Download or read book Deep Learning Fundamentals Theory and Applications written by Kaizhu Huang and published by Springer. This book was released on 2019-02-15 with total page 163 pages. Available in PDF, EPUB and Kindle. Book excerpt: The purpose of this edited volume is to provide a comprehensive overview on the fundamentals of deep learning, introduce the widely-used learning architectures and algorithms, present its latest theoretical progress, discuss the most popular deep learning platforms and data sets, and describe how many deep learning methodologies have brought great breakthroughs in various applications of text, image, video, speech and audio processing. Deep learning (DL) has been widely considered as the next generation of machine learning methodology. DL attracts much attention and also achieves great success in pattern recognition, computer vision, data mining, and knowledge discovery due to its great capability in learning high-level abstract features from vast amount of data. This new book will not only attempt to provide a general roadmap or guidance to the current deep learning methodologies, but also present the challenges and envision new perspectives which may lead to further breakthroughs in this field. This book will serve as a useful reference for senior (undergraduate or graduate) students in computer science, statistics, electrical engineering, as well as others interested in studying or exploring the potential of exploiting deep learning algorithms. It will also be of special interest to researchers in the area of AI, pattern recognition, machine learning and related areas, alongside engineers interested in applying deep learning models in existing or new practical applications.

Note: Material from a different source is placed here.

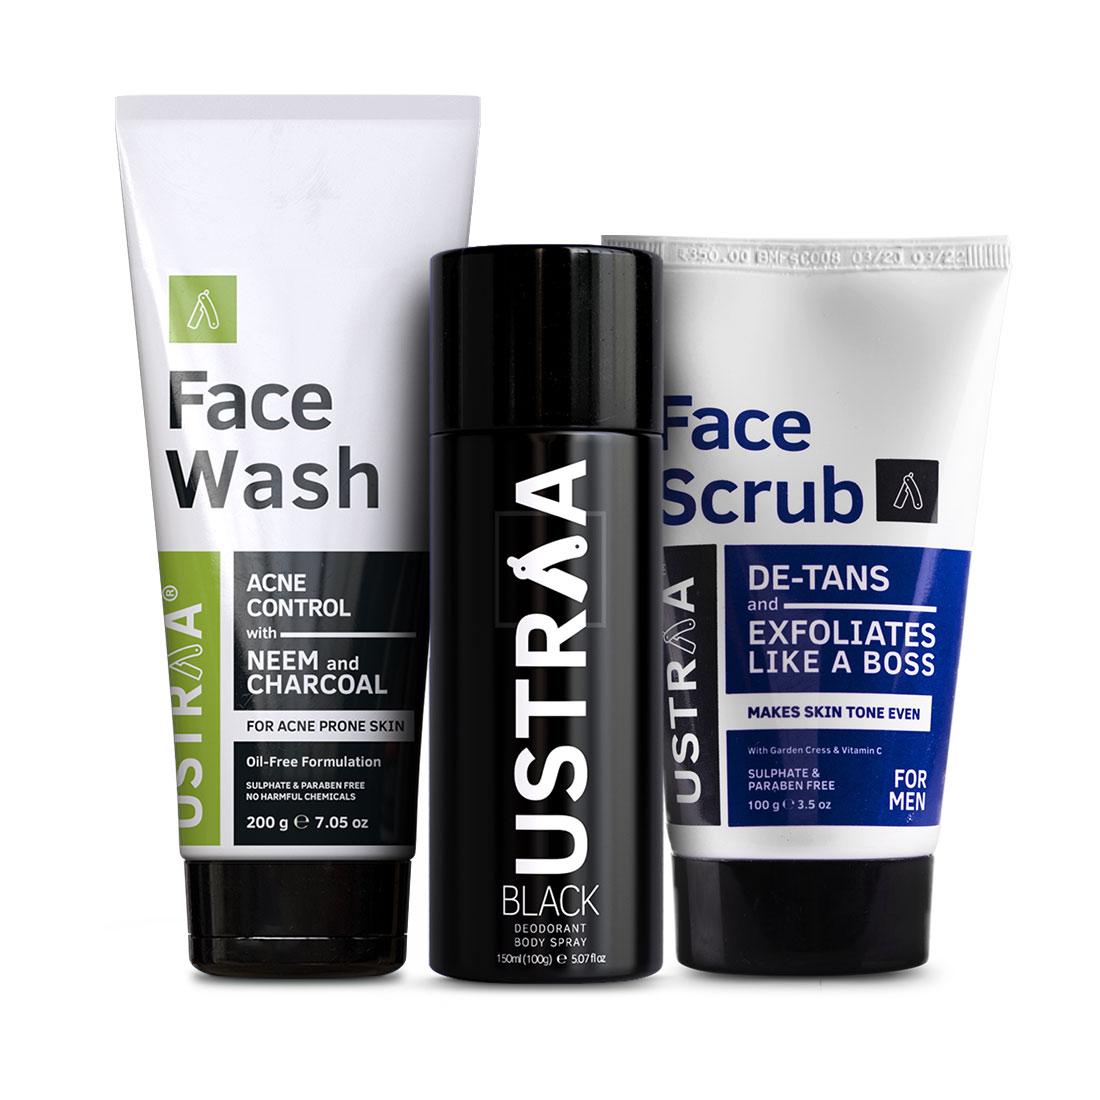 Ustraa | Ustraa Black Deodorant 150ml, De-tan Face Scrub 100g & Face Wash Neem and Charcoal 200g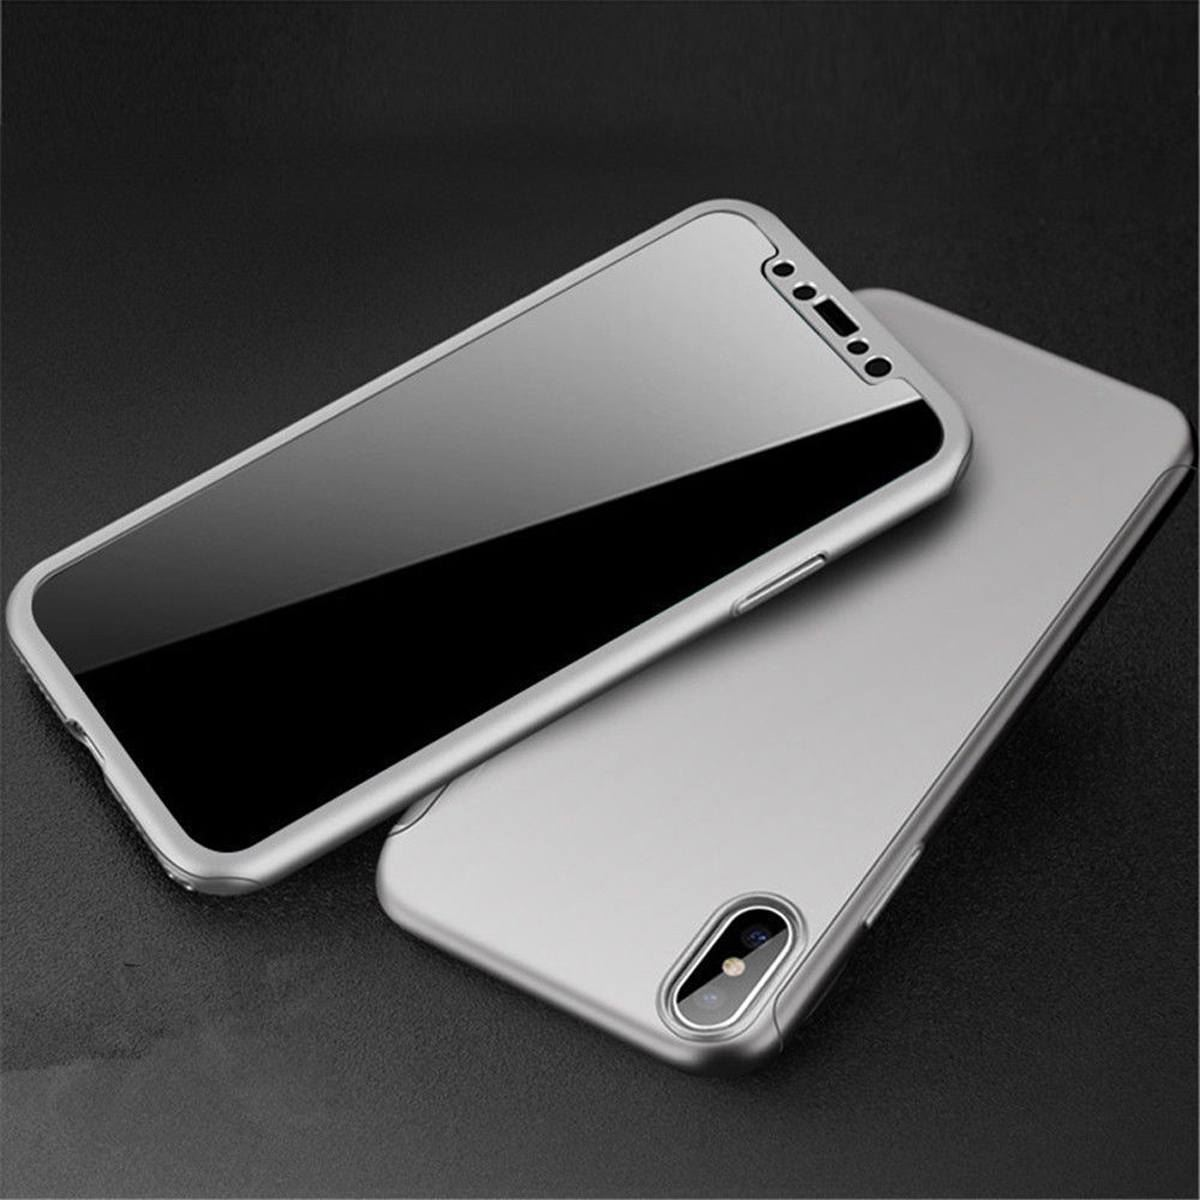 For-Apple-iPhone-XS-Max-XR-Hybrid-360-Slim-Ultra-Thin-Heavy-Duty-Shockproof-Case Indexbild 93

Book Thinning Methodologies for Pattern Recognition

Download or read book Thinning Methodologies for Pattern Recognition written by Ching Y. Suen and published by World Scientific. This book was released on 1994 with total page 354 pages. Available in PDF, EPUB and Kindle. Book excerpt: Thinning is a technique widely used in the pre-processing stage of a pattern recognition system to compress data and to enhance feature extraction in the subsequent stage. It reduces a digitized pattern to a skeleton so that all resulting branches are 1 pixel thick. The method seems easy at first and has many advantages, however after two decades of intensive research, it has been found to be very challenging due to the difficulties in programming computers to do it.This collection of 15 papers by leading scientists working in the area examines the theoretical and experimental aspects of thinning methodologies. The authors have addressed the problems faced, compared their performance results with others, and assessed the challenges ahead. Researchers will find the volume helpful in shedding light on difficult issues and stimulating further research in the area.

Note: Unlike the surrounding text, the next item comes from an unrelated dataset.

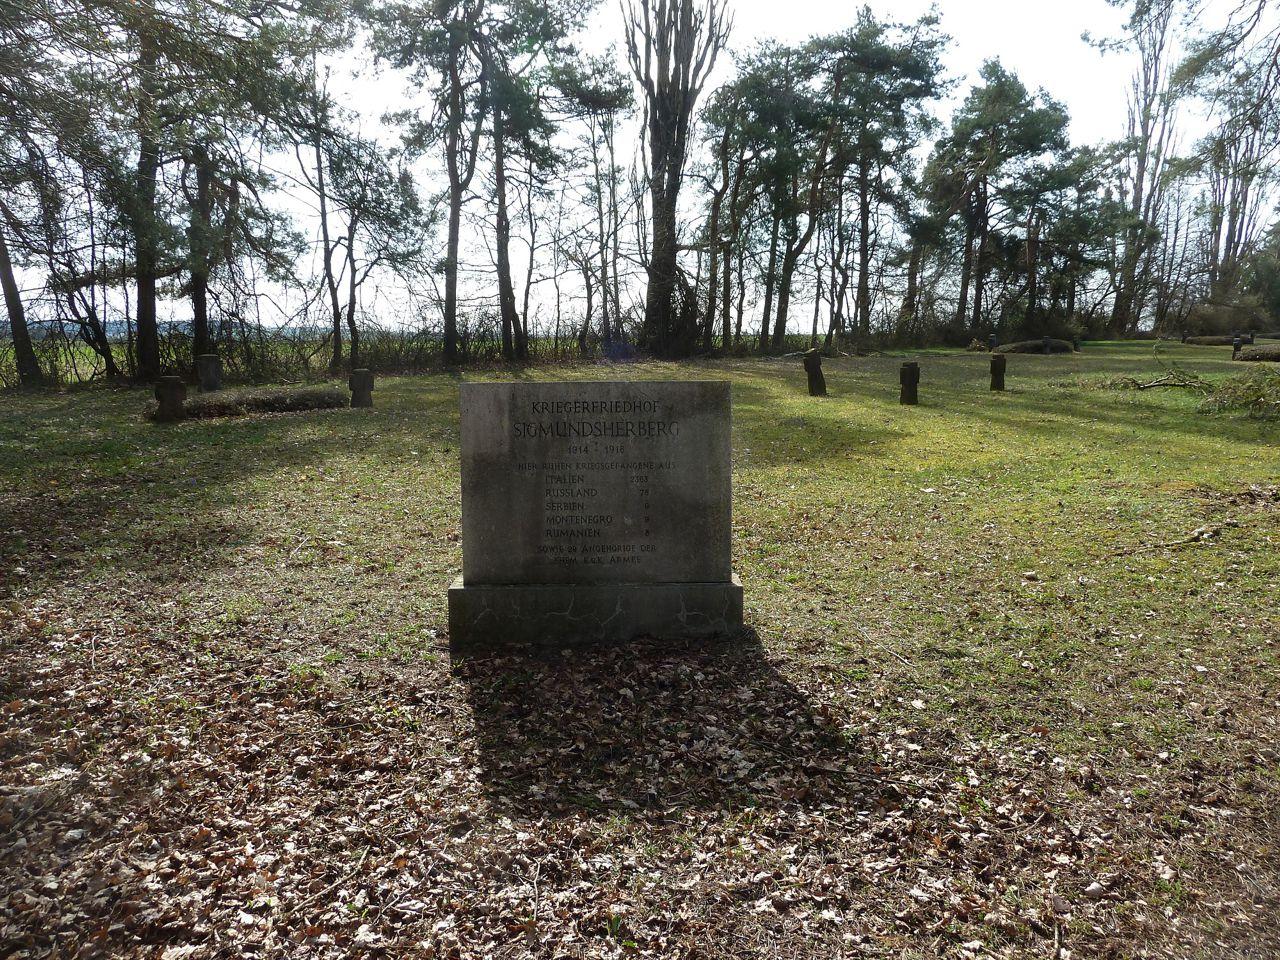 lapide posta nel cimitero

Book Neural Networks for Pattern Recognition

Download or read book Neural Networks for Pattern Recognition written by Christopher M. Bishop and published by Oxford University Press. This book was released on 1995-11-23 with total page 501 pages. Available in PDF, EPUB and Kindle. Book excerpt: Statistical pattern recognition; Probability density estimation; Single-layer networks; The multi-layer perceptron; Radial basis functions; Error functions; Parameter optimization algorithms; Pre-processing and feature extraction; Learning and generalization; Bayesian techniques; Appendix; References; Index.